3.2. Whole-Rock Geochemical Analyses

Whole-rock major and trace element determination was conducted at the Analytical Laboratory of Beijing Research Institute of Uranium Geology (BRIUG) using X-ray fluorescence (XRF) spectrometry and inductively coupled plasma–mass spectrometry (ICP–MS), respectively. For the major elements, the standard sample was AB104L, with uncertainties of less than 5% [51]. The analytical precision for the trace elements was less than 3% RSD (relative standard deviation). The G2 and GSR-1 standards were used as reference materials.

3.3. LA–ICP–MS Zircon U–Pb Dating

The zircon U–Pb analyses were conducted on the NWR 193 UC laser ablation–ICP–MS (LA–ICP–MS) instrument at the Laboratory of Mineral/Inclusion Microanalysis, Institute of Geology, Chinese Academy of Geological Sciences (CAGS). The mass spectrometer that was used was an Agilent 7900 inductively coupled plasma mass spectrometer (Agilent, Palo Alto, CA, USA). The spot size was 32 μm with a 5 Hz laser and 2 J/cm² energy density. The Isoplot 3.0 program was used for age calculation and diagraming [52]. The Iolite program was used for data processing [53], with zircon 91,500 and GJ-1as the standard. The standards were run between every 10–12 samples. The analytical procedures were described in detail by Yu et al. (2019) [54].

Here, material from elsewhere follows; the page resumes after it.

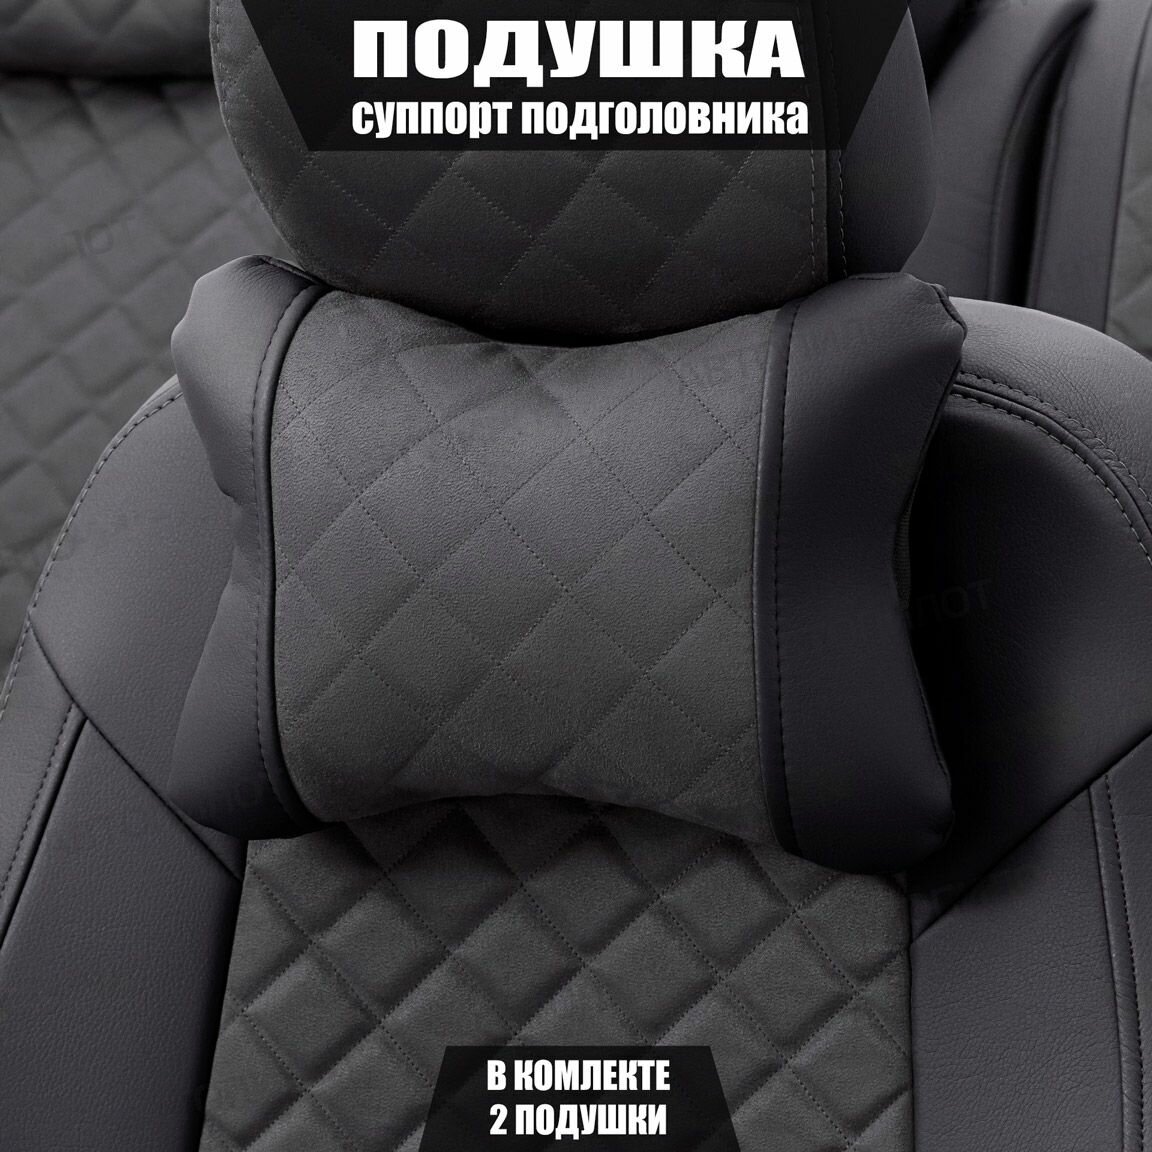 Подушки под шею (суппорт подголовника) для Пежо 208 (2012 - 2015) хэтчбек 3 двери / Peugeot 208 Ромб Алькантара 2 подушки Черный

3.4. Fluid Inclusion Microthermometry and Laser Raman Microprobe (LRM) Analyses

The petrography and microthermometry of the fluid inclusions was completed in the Fluid Inclusion Laboratory of USTB. The instrument used for microthermometry was a Linkam THMS 600 cooling and heating stage with a temperature range of −196~+600 °C. The measurement accuracies for freezing and heating were ±0.1 °C and ±2 °C, respectively. An LRM analysis of the fluid inclusions was carried out at the Analytical Laboratory of BRIUG. The instrument that was used was a LabRAM HR800 Evolution high-resolution laser Raman spectrometer produced by the Horiba Jobin-Yvon Company of Longjumeau, France.

4. Results

4.1. Petrology and Mineralogy of Vein Dikes and Host Granite Porphyry

Based on field observations, the granite porphyry occurs as small stocks that intruded the granite (with zircon U-Pb ages of 144.8 to 139.8 Ma, [33]). The vein dikes hosted in the granite porphyry comprise aplite (Figure 3a,b) and pegmatitic to coarse-grained K-feldspar–quartz (Figure 3c). Vein dikes usually occur as veins (Figure 3a), irregular globes (Figure 3c), or dikes (Figure 3b) in granite porphyry. The pegmatitic quartz–(K-feldspar) comprises the center of the vein dike (Figure 3a) or occurs as veins or miarolitic cavities (Figure 3d) in the granite porphyry.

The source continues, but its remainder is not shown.